*WORKING DATA*:
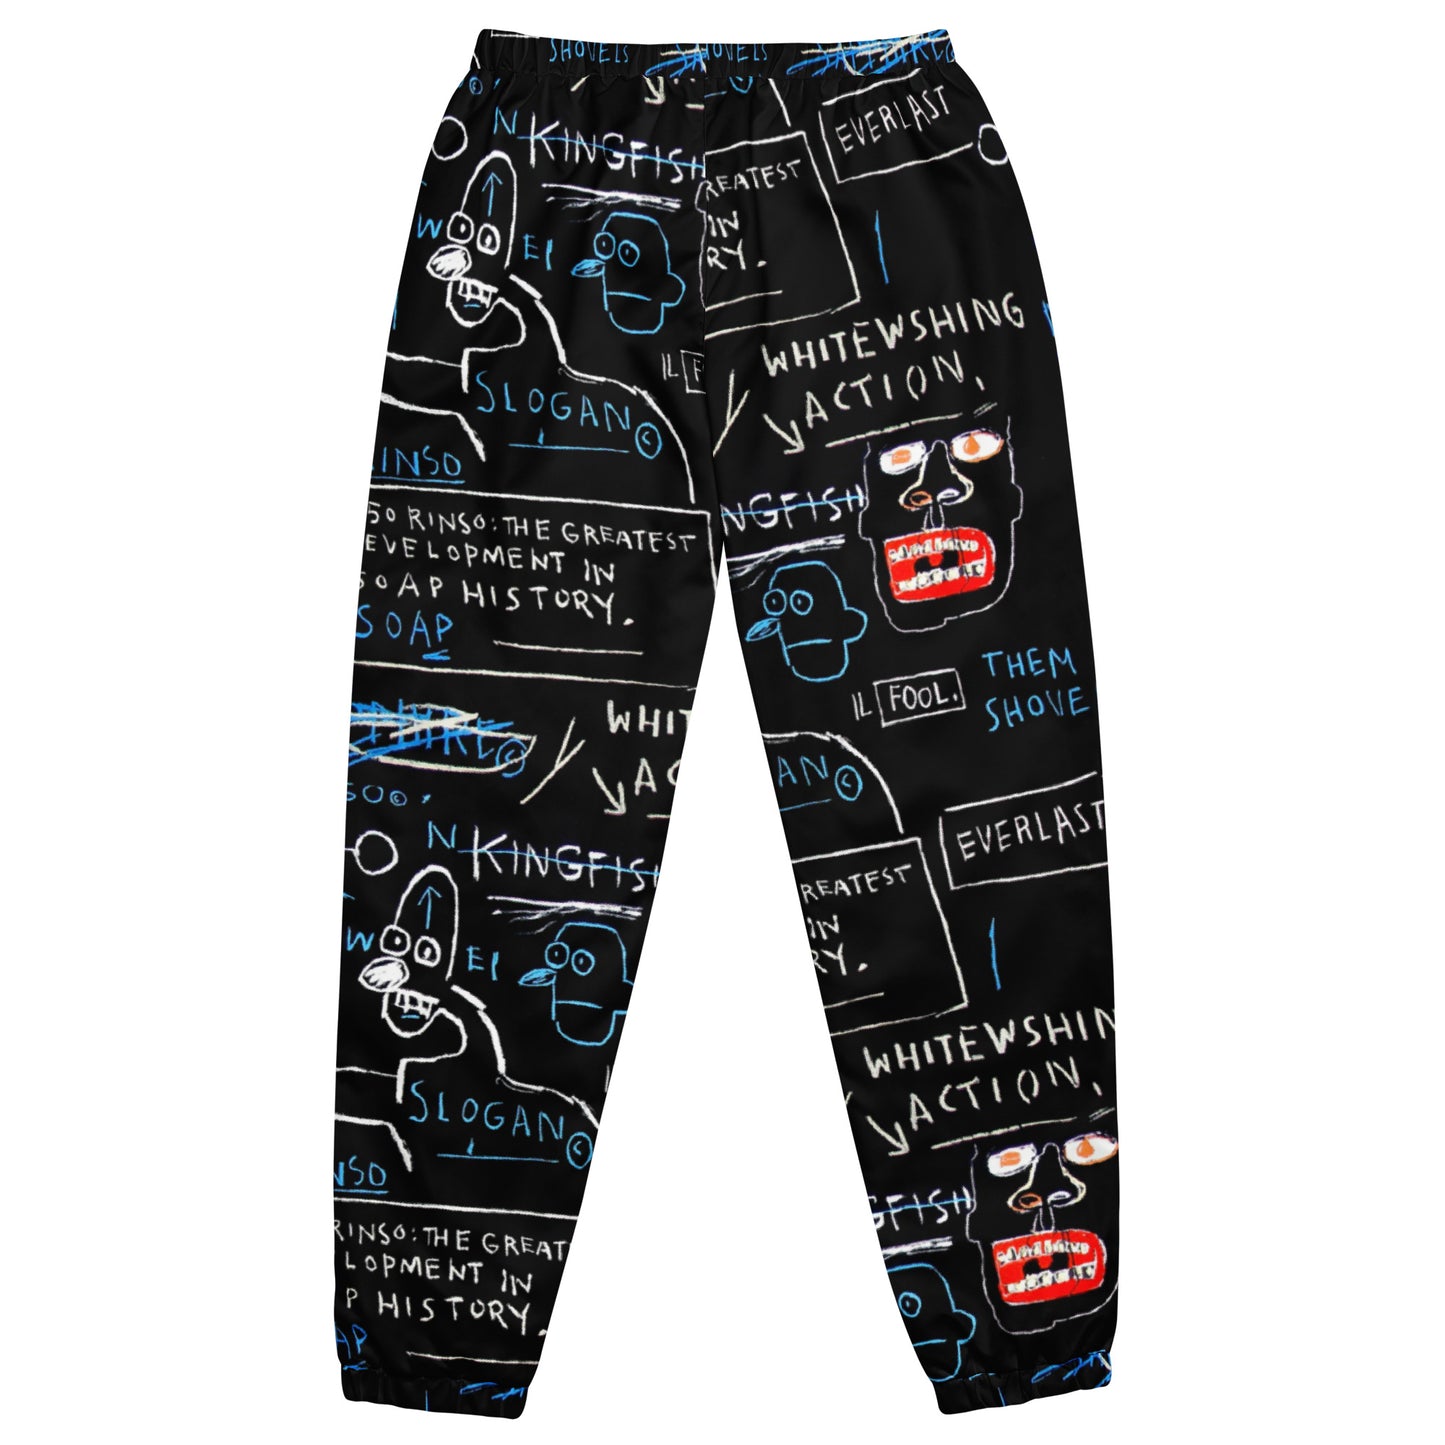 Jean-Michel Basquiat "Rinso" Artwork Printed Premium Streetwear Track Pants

==

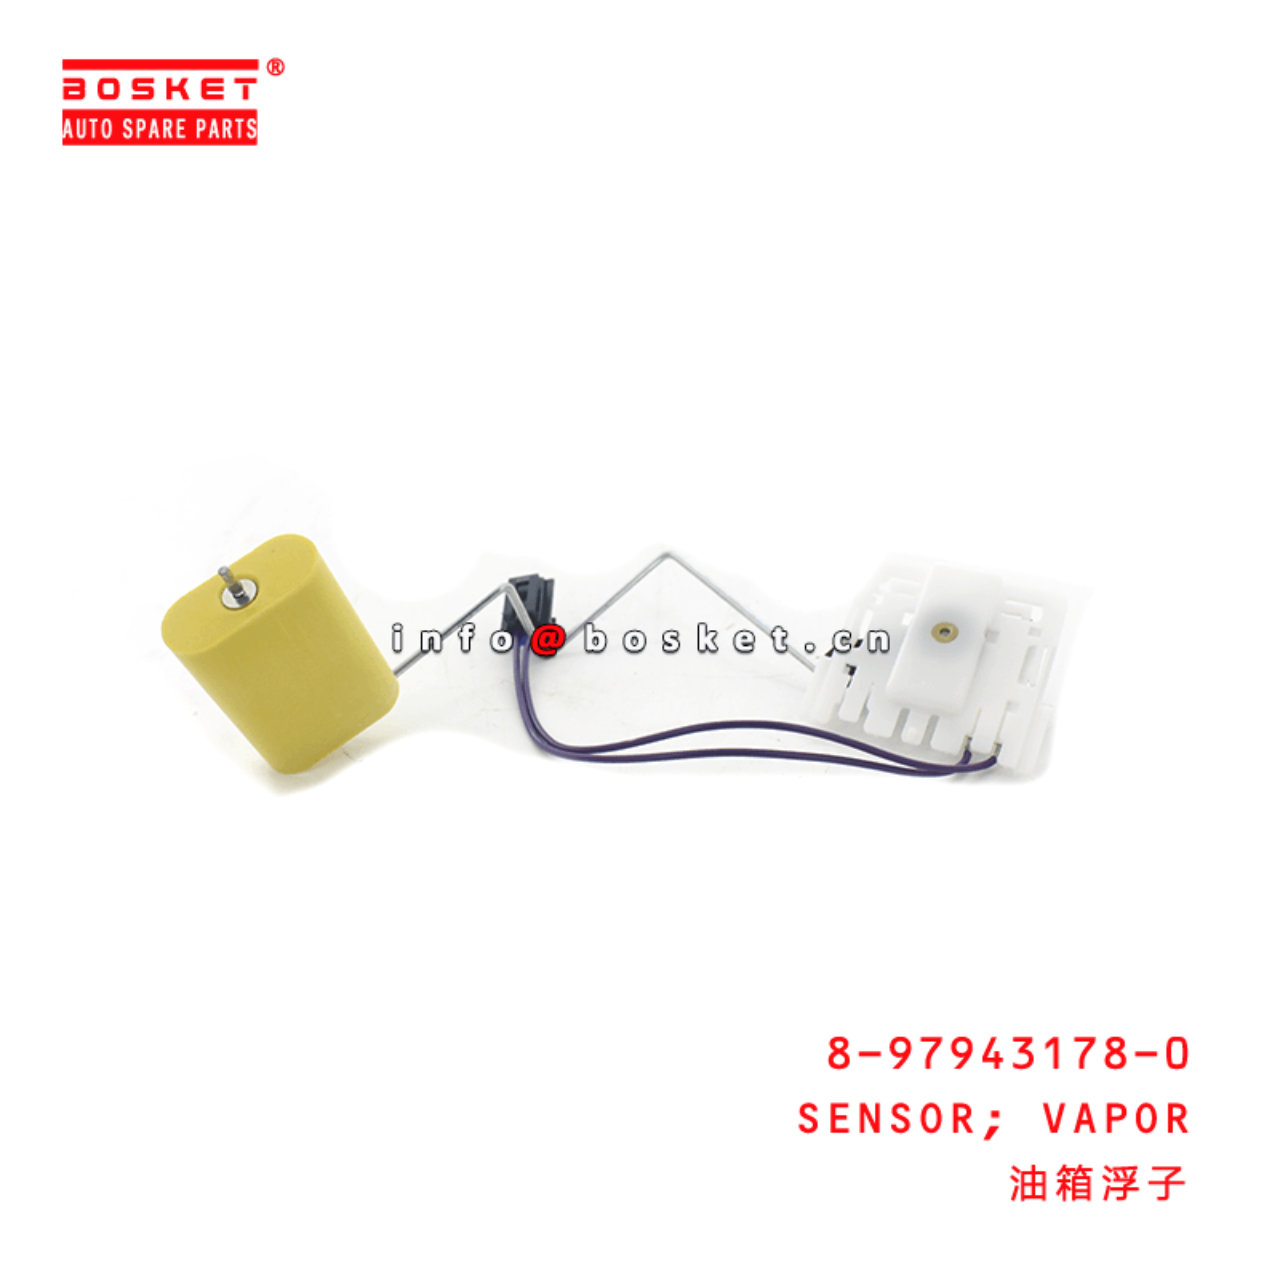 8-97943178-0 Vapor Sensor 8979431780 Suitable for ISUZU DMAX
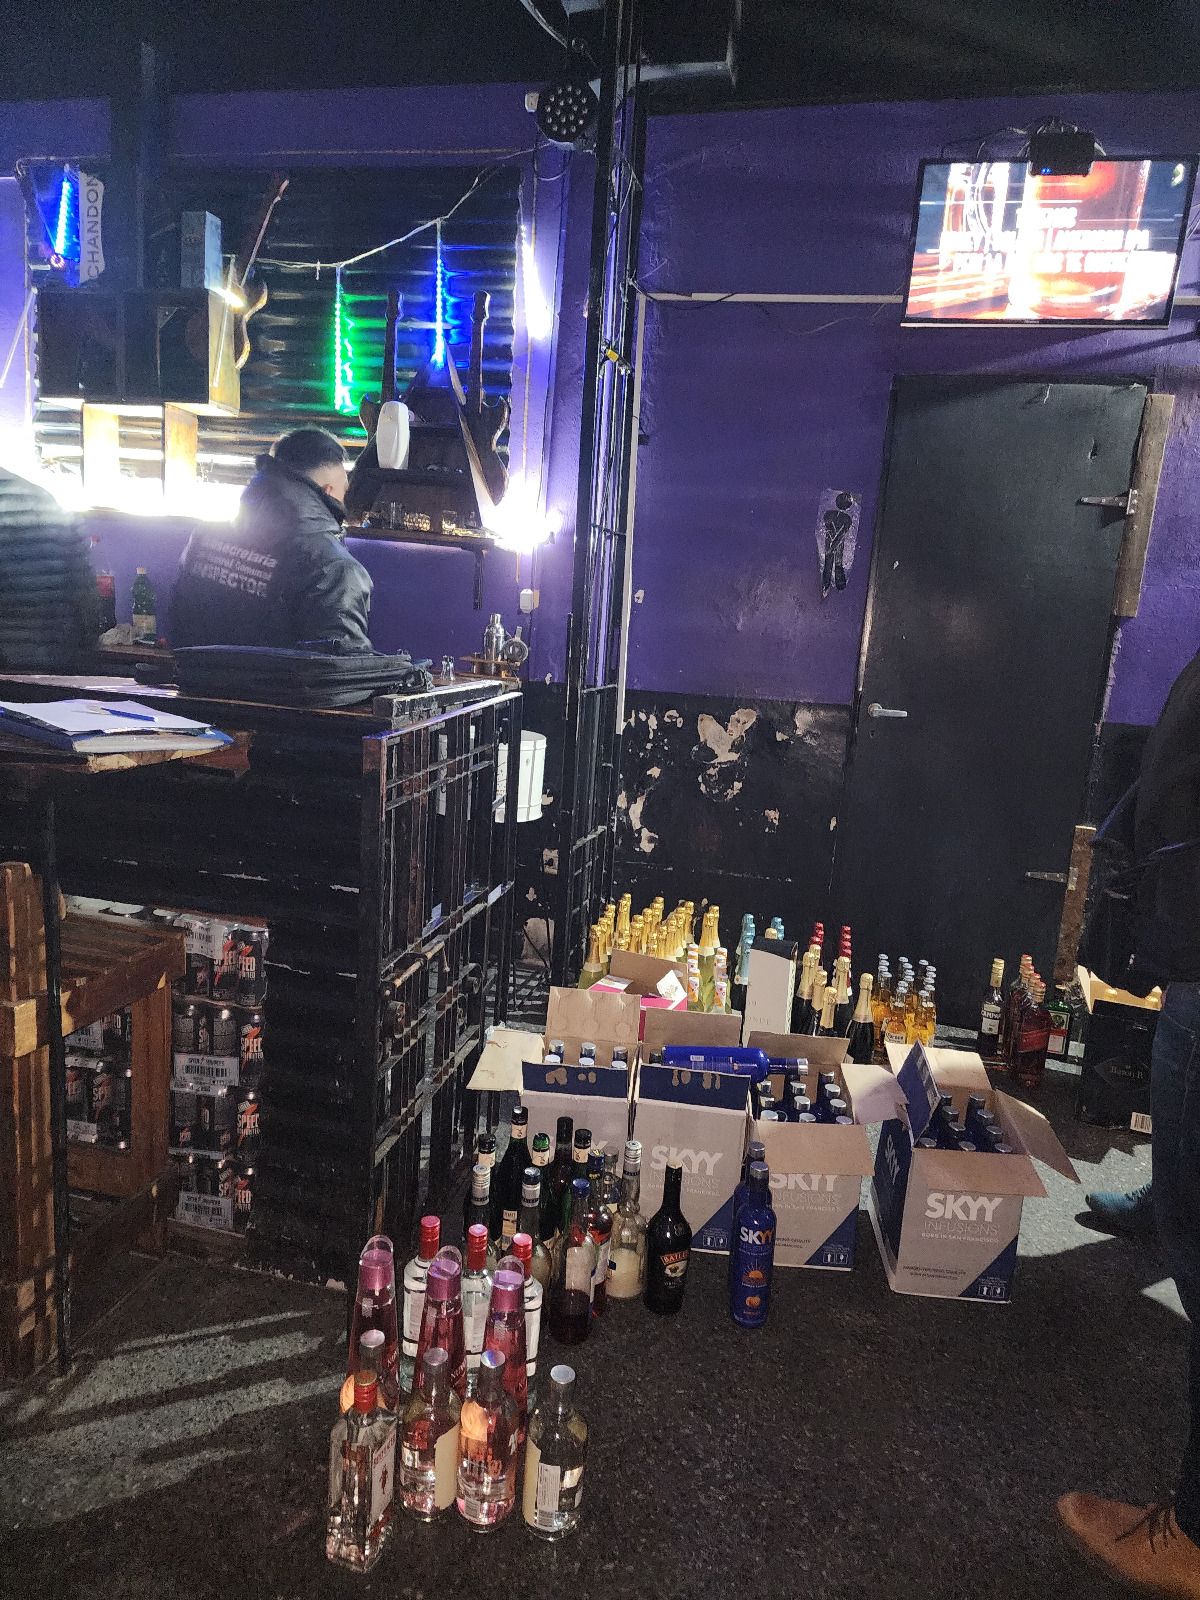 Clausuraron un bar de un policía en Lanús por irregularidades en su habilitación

*TASK TO CARRY OUT*: In the entries above, which lines run from the one with "8-97943178-0 Vapor Sensor" up to and including the one with "Clausuraron un bar"? Write them out exactly, without the pictures.

*RESULT FOR THIS EXERCISE*:
 8-97943178-0 Vapor Sensor 8979431780 Suitable for ISUZU DMAX
 Clausuraron un bar de un policía en Lanús por irregularidades en su habilitación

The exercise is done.